None of the tracking tools mentioned here are completely accurate. It’s almost impossible to measure the exact amount of muscle gain. There are too many variables that affect measurement values. Some of those include:

  • water retention
  • bowel movement
  • daily diet choices
  • stress (physical and/or mental)
  • sickness and medical conditions
  • the measurement tools used
  • the technical proficiency of the person taking the measurement

Also, the amount of muscle you add decreases with time. The more advanced you get, the less muscle you can grow. However, you don’t really need to know the exact numbers.

But it’s super important to make sure muscle growth does occur. That’s why progress tracking is important. Tracking should be accurate enough so random noise doesn’t make it hard to see progress.

Make sure all measurements are done under similar conditions. Here a few general tips:

  • Measure progress during the same time of the day.
  • Make sure food choices and water intake are identical each time.
  • Avoid taking measurements when stressed out or sleep-deprived.
  • Don’t expose yourself to excessive heat or cold.
  • Use the exact same equipment, tools, or system each time.
  • Take multiple measurements if possible (write down the average values)

#7 How Long Does It Take to Build Noticeable Muscle?

Optimal muscle gain strategies don’t always improve aesthetics. You grow the most muscle when bulking. However, that also means adding more body fat. And having great aesthetics comes down to being lean.

Unfortunately, muscle growth is slower during fat loss periods. So you might have to go through a couple of cutting and bulking phases to achieve the look you want.

Most people can achieve an aesthetic body within several months. Though to build a truly ripped physique can take 2 to 5 years. If you're severely overweight or unnaturally skinny have realistic goals. It will take longer to achieve your body goals.

Note that this requires consistency. And you still need to optimize your diet and workouts. Progress tracking really helps with that. You can adjust your approach relying on solid data. This way you can maintain a maximum rate of progress.

What Is The Most Effective Way to Track Progress?
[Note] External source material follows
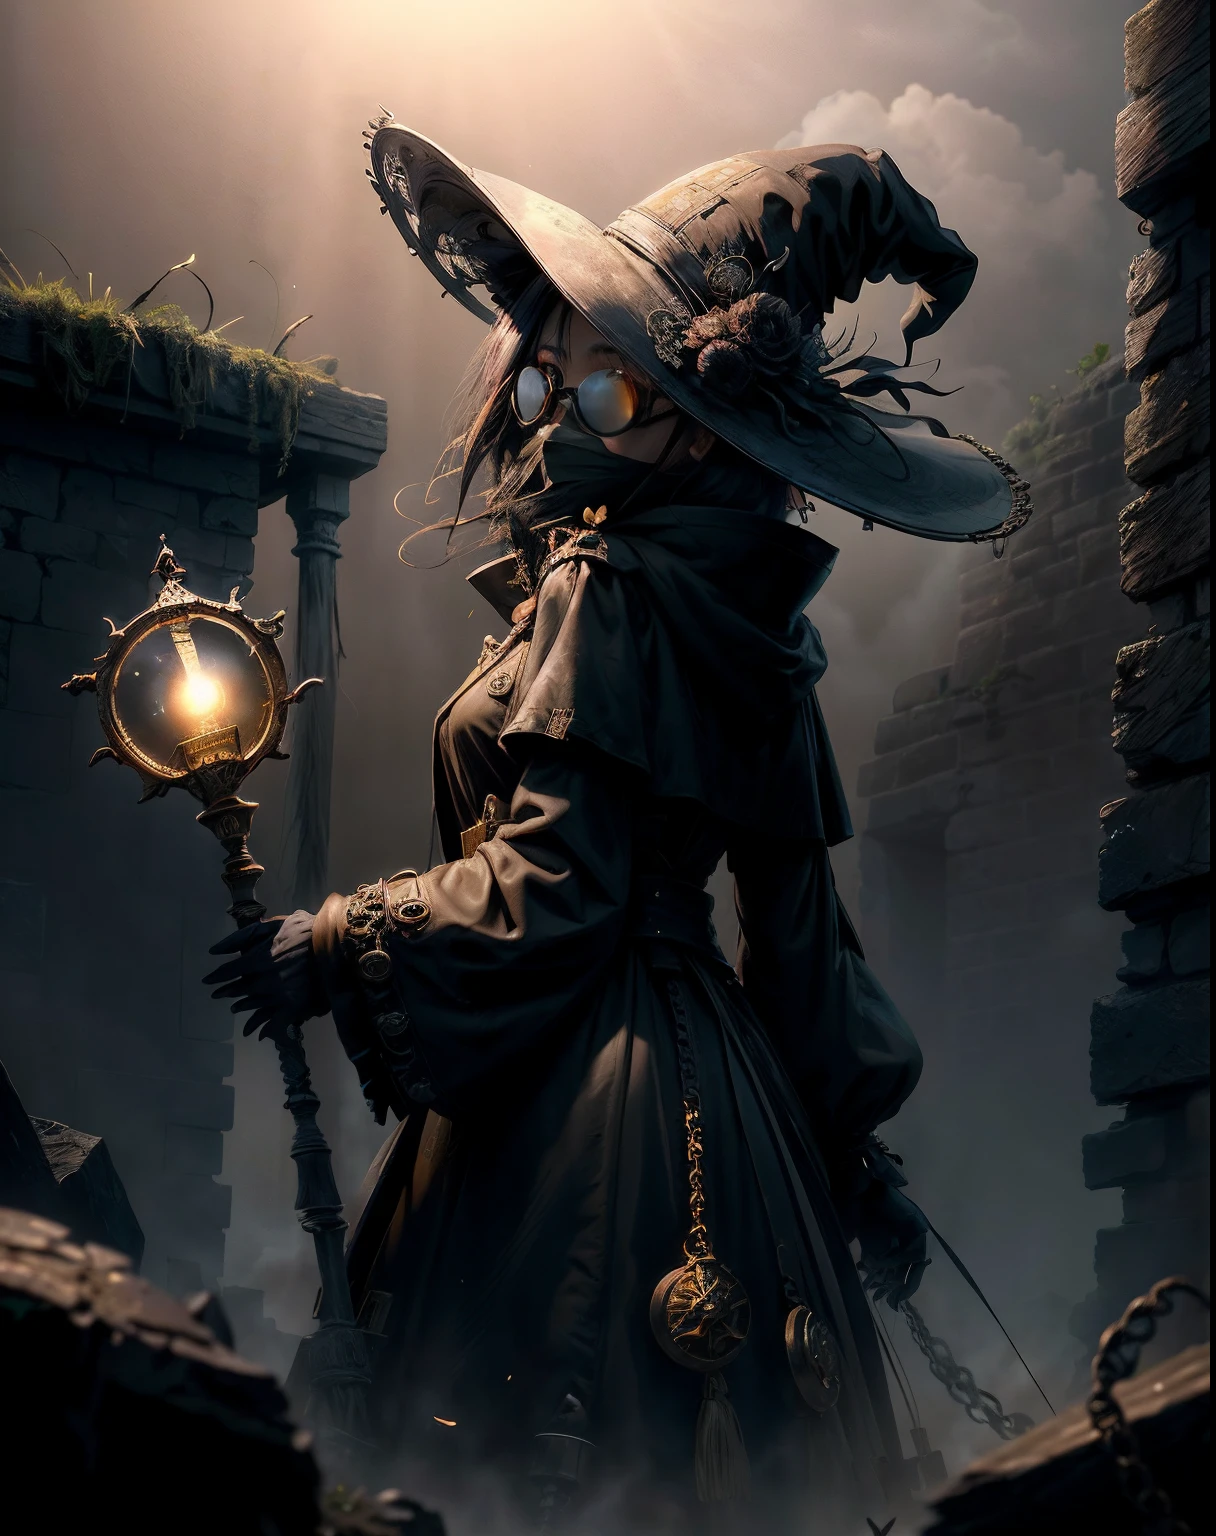 (masutepiece, Best Quality), High resolution, (8K resolution), Center, (ultra-detailliert), Mad God, Solo, Plague mask,Round lens goggles,silk hat, chain, Black veil, trench coat, beaked mask, volume illumination:1.1, darkness, (detail: 1.2), cana, Floating particles, (depth of fields), High quality, Fujifilm 85mm, Ruins, landscape, highly detailed back ground, Nightmare, 8K, Convoluted, Grip, Mysterious,Black fog, Long nails,

Ideally, you combine different approaches. Consistently log your workout performance. Weigh yourself at least a few times a week. Occasionally take pictures and body measurements. If you have access to more advanced tools try those as well. Do a body scan at the beginning and/or end of bulking and cutting phases.

Once you compile enough data you get a pretty accurate picture of your progress rate. Over time you’ll learn how far you can push it. You’ll also find out the minimum training threshold below which you stop growing muscle.